Facing Squarely the Need To Rebuild Communities

AS bulldozers clear the debris from some of the burned-out buildings here in the South-Central part of the city, the burgeoning effort to rebuild Los Angeles has a long shadow thrown across it.

It is the distrust and profound skepticism of people who live in the South-Central area. They have lived within troubled political, emotional, and racial dynamics that have sapped the spirit of communities here for decades.

Overcoming these conditions, and in fact helping to provide new jobs, training, venture capital, and other new opportunities are the challenges facing the private and public sectors in rebuilding L.A.

"We've been here before," says James McDonald, selling T-shirts printed with positive black images along busy Vernon Boulevard. "I was a teenager in 1965 when the first riots happened," he says, "and afterward I remember everybody saying L.A. was going to become the promised land."

Most of the private and government efforts to rebuild the community after the 1965 riots failed. The memory of this is forcing officials, politicians, and citizens here to take a deeper look at what constitutes communities that work.

The ability of communities to succeed on their own terms, whatever the odds against them, is an integral part of the American dream. For the dozens of racially mixed, low-income communities in the greater L.A. area, their hopes are often sparked by underfunded, understaffed community organizations working valiantly on their behalf. This is true of inner cities across the United States.

The rebuilding process involves personal and community initiative as well as government and private agencies to restore that which was broken.

"To my mind there is no mystery to how it's done," says Connie Watson, a counselor for the city-funded People Who Care Youth Center in South-Central L.A. "It takes dedicated people with funding support and clear objectives."

According to a black businessman in L.A., "Lack of even the most basic education has doomed a generation of young men in the inner cities. Now, we must turn full attention to improving schools and family cohesion if we want to save our nation. It is not a black or minority problem, or a city problem. It is an American problem of great gravity."

State-encouraged enterprise zones in the inner cities of 37 states are already bolstering the efforts of small businesses. Tax benefits, low-interest loans and grants from the states are the features of the zone programs. In the months ahead, Congress may approve a federal version of enterprise zones. California has funded enterprise zones since 1986. South Central has two zones with several thousand businesses.

In New Jersey, the state Department of Commerce and Economic Development reports that more than 20,000 jobs have been created since 1985 because of enterprise zones. In Newark alone, more than $800 million in investment has led to a business and cultural renaissance and an estimated 3,000 new jobs.

Staggering social problems still take their toll in American cities every day; drug selling and addiction, gang warfare, teenage pregnancies, domestic violence, and crime.
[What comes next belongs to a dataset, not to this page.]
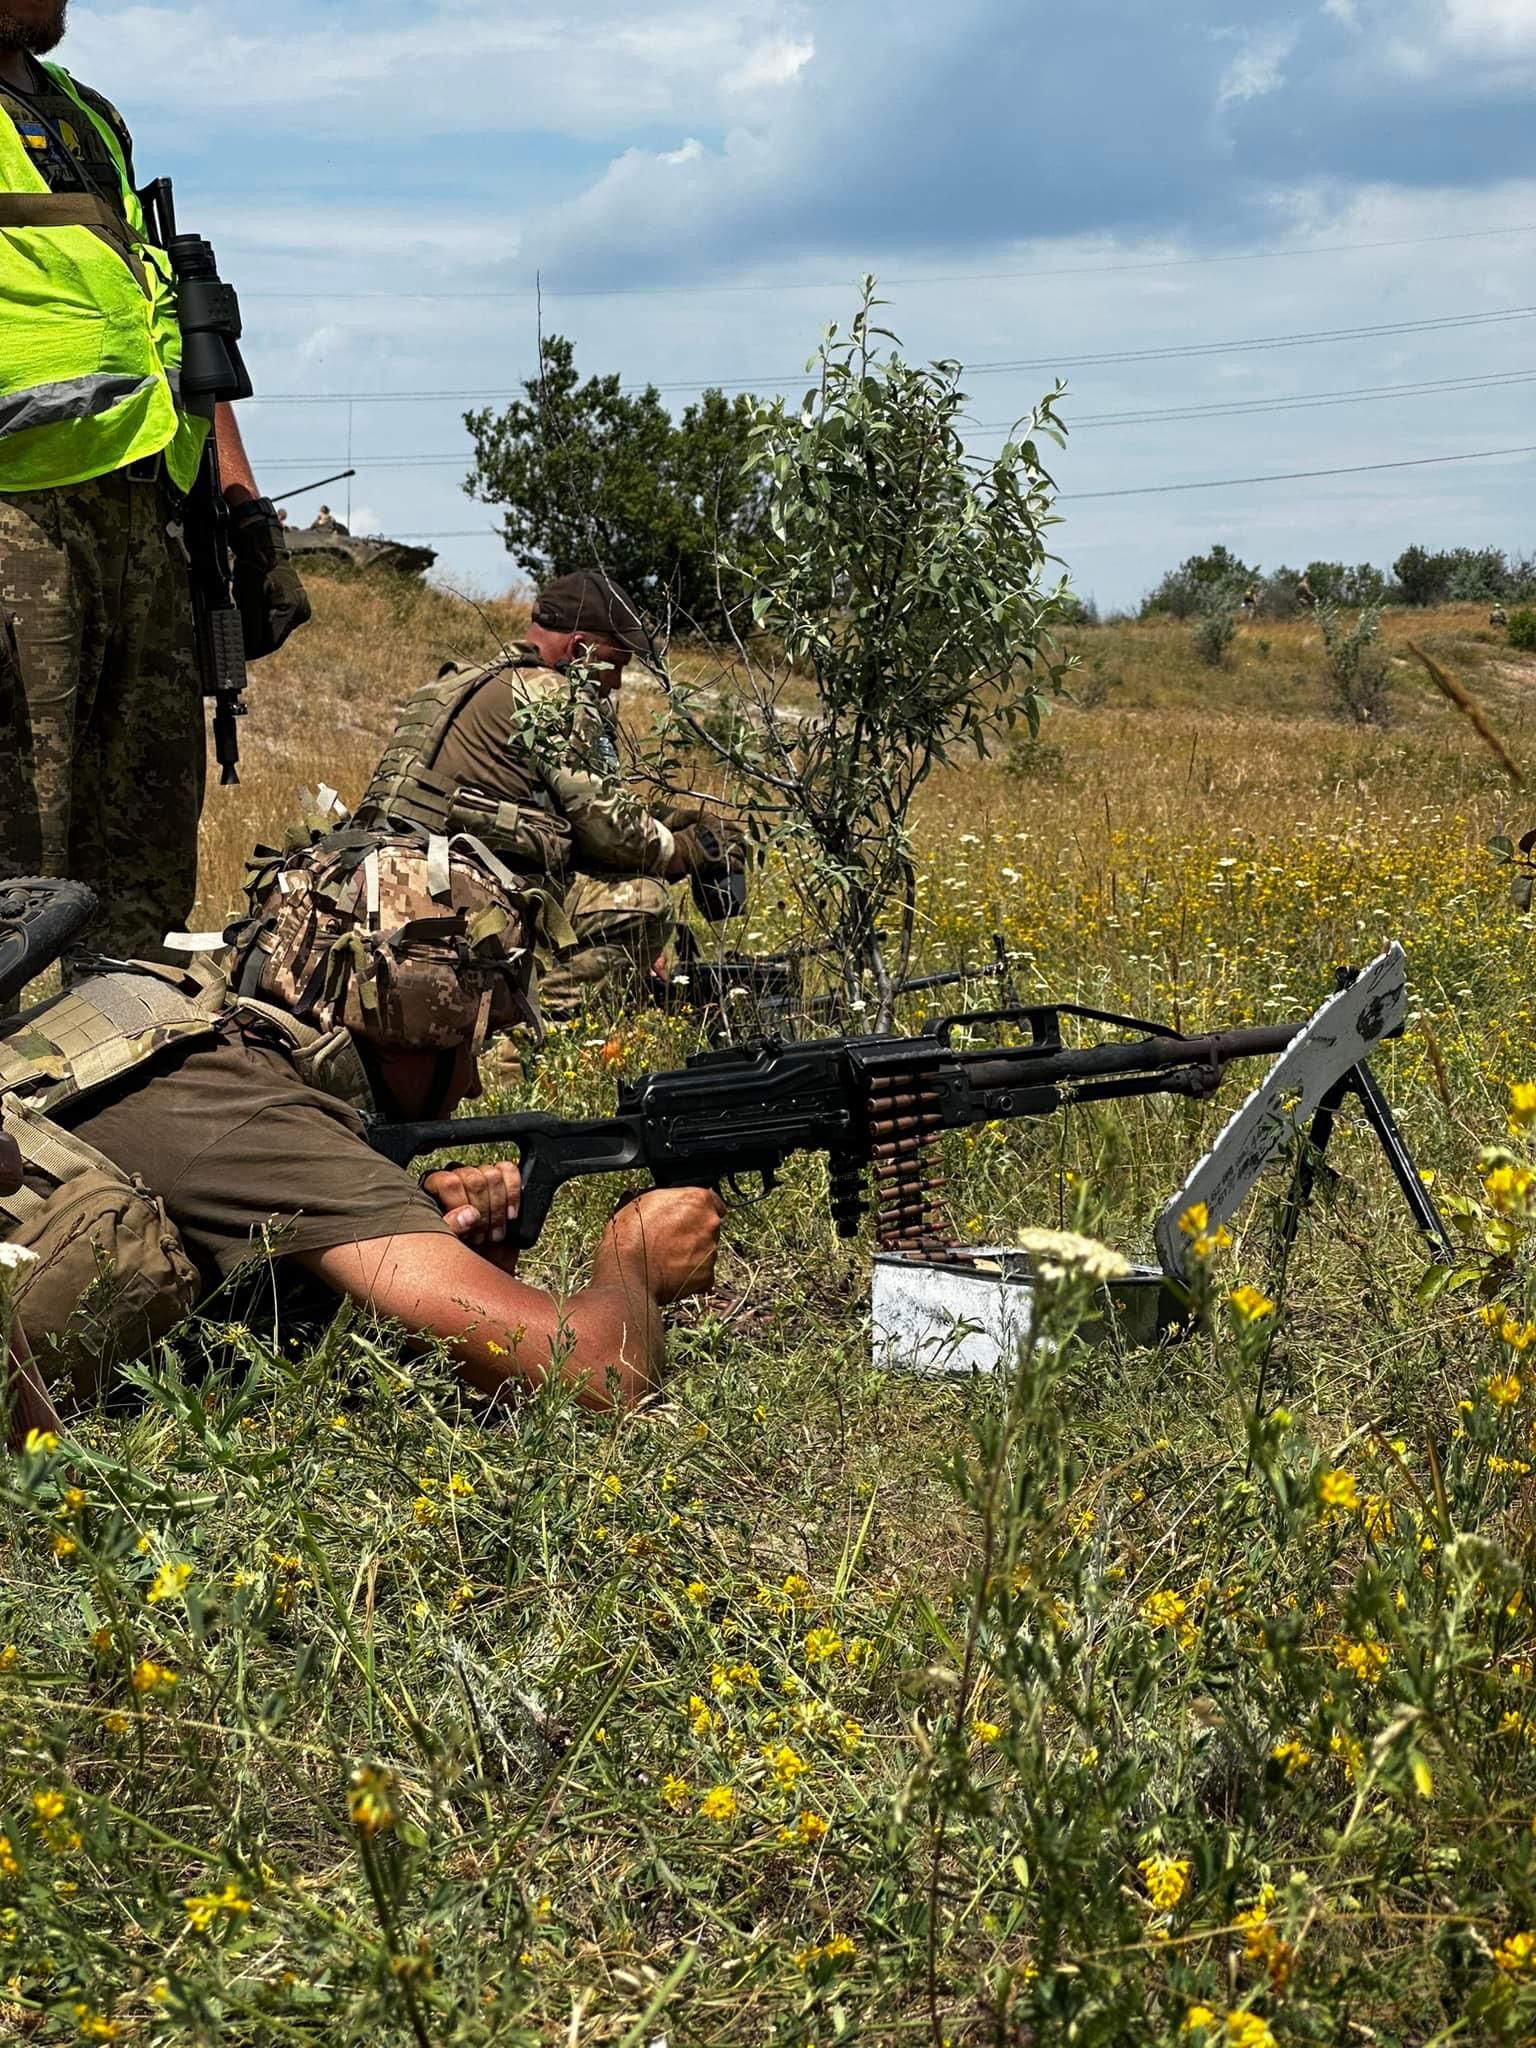 Пентагон про контрнаступ ЗСУ: дається дуже складно, але українці вражають

There is little disagreement, particularly in L.A., that whatever programs are launched to address the critical issues, the effects must be to empower people to make their own decisions.
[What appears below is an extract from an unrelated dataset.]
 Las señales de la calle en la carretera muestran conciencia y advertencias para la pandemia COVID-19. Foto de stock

"We need some kind of forum where the people can see themselves with professional people they can trust from their own community, not through the eyes of people outside the communities," says Zaafir Saiful Lah Saafir, who owns a small grocery store here.
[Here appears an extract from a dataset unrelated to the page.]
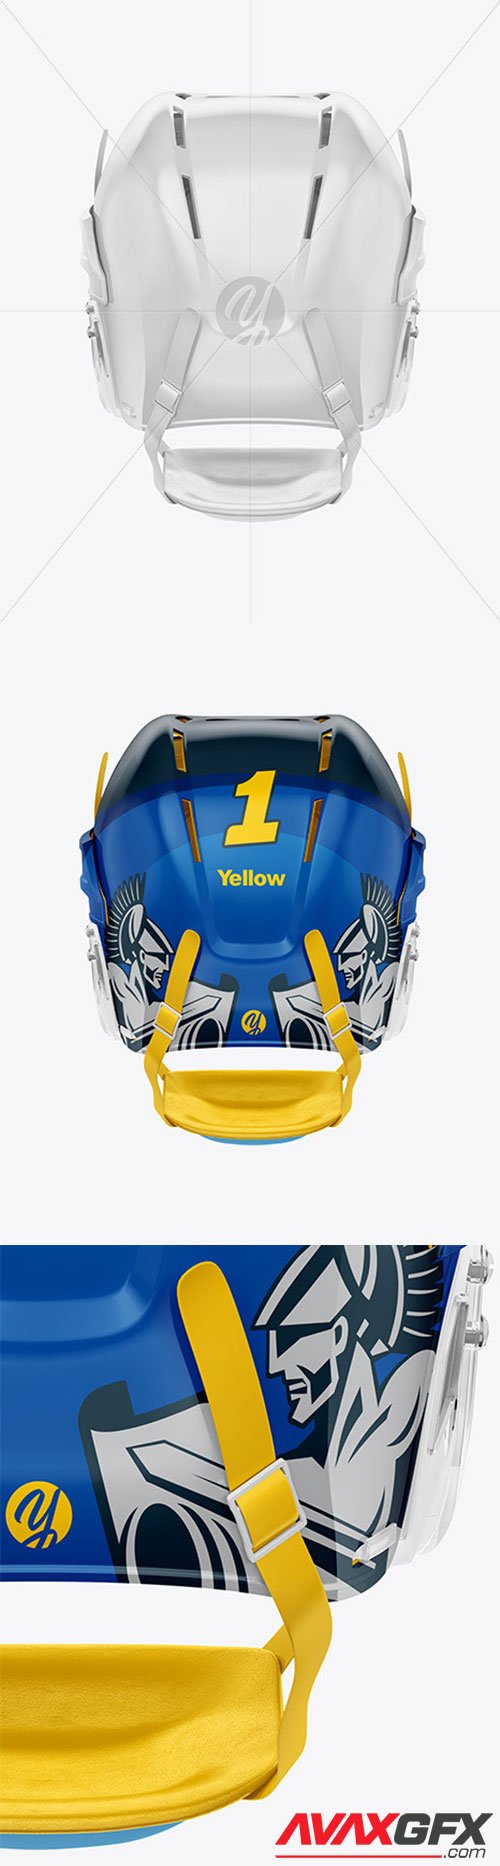 Hockey Helmet Mockup 62169

In the aftermath of the riots of 1965, there was minimum public discussion about the need for new programs at the community level. Now business organizations, educators, and community leaders are vocal and visible, particularly when it comes to children.

At the Greenmeadows Recreation Park, not far from the Harbor Freeway in central L.A., Georgia Joseph, a recreation assistant in charge of a small day-care center, says, "The children here need so much love and encouragement. They see terrible things at such a young age. Many have so little hope in their eyes. These are kids four and five years old who might have seen a relative shot or their mother taken away by the police." There were more than 700 gang-related homicides in L.A. last year.

"Everybody went to sleep after the 1965 riots," says Maxine Ranson Von Phul, chairwoman of the Black Business Association of Los Angeles, "and now we have to have a concerted and coordinated effort by the public and private sector. All the organizations of color have to see how we can do business with each other. It's all about economics; that's the bottom line, economics."

Peter Ueberroth, chairman of the Rebuild L.A. task force created by Mayor Tom Bradley and Gov. Pete Wilson, agrees that long-term economic opportunities are the key. On a recent radio program, he said the rebuilding effort could serve as a prototype for other inner cities.

"This is an incredible opportunity to do something very right," he said. "We need to be doing something effective in July, August, September, and in 1993. It cannot stop. We've got to do it right."